WHAT YOU WILL DO → From the entries provided below, copy each line that contains the word "Seite".

__________________________________________________

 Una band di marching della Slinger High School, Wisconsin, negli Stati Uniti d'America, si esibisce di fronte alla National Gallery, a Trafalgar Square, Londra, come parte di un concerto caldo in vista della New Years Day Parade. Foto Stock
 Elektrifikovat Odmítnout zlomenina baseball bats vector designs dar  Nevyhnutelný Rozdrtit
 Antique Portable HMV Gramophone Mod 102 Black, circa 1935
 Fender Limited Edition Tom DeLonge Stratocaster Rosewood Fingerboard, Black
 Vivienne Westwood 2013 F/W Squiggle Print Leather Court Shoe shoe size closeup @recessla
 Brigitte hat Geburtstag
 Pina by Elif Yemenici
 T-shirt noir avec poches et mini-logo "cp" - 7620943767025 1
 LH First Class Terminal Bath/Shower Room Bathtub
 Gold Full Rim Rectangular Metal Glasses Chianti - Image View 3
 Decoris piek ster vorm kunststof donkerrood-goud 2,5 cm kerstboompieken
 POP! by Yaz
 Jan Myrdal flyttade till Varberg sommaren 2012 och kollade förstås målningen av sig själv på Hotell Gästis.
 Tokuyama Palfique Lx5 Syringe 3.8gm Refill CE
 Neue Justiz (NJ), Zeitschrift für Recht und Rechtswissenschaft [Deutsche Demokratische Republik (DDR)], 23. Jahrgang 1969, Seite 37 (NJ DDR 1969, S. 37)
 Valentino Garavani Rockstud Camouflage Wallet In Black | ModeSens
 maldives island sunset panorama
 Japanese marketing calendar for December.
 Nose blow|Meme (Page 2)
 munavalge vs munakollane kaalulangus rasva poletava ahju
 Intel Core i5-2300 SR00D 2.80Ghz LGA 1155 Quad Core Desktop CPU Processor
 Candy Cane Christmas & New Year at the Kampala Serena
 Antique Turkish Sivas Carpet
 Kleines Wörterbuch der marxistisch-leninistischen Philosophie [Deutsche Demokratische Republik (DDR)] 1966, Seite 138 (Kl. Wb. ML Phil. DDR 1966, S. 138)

__________________________________________________

ANSWER BOX →
 Neue Justiz (NJ), Zeitschrift für Recht und Rechtswissenschaft [Deutsche Demokratische Republik (DDR)], 23. Jahrgang 1969, Seite 37 (NJ DDR 1969, S. 37)
 Kleines Wörterbuch der marxistisch-leninistischen Philosophie [Deutsche Demokratische Republik (DDR)] 1966, Seite 138 (Kl. Wb. ML Phil. DDR 1966, S. 138)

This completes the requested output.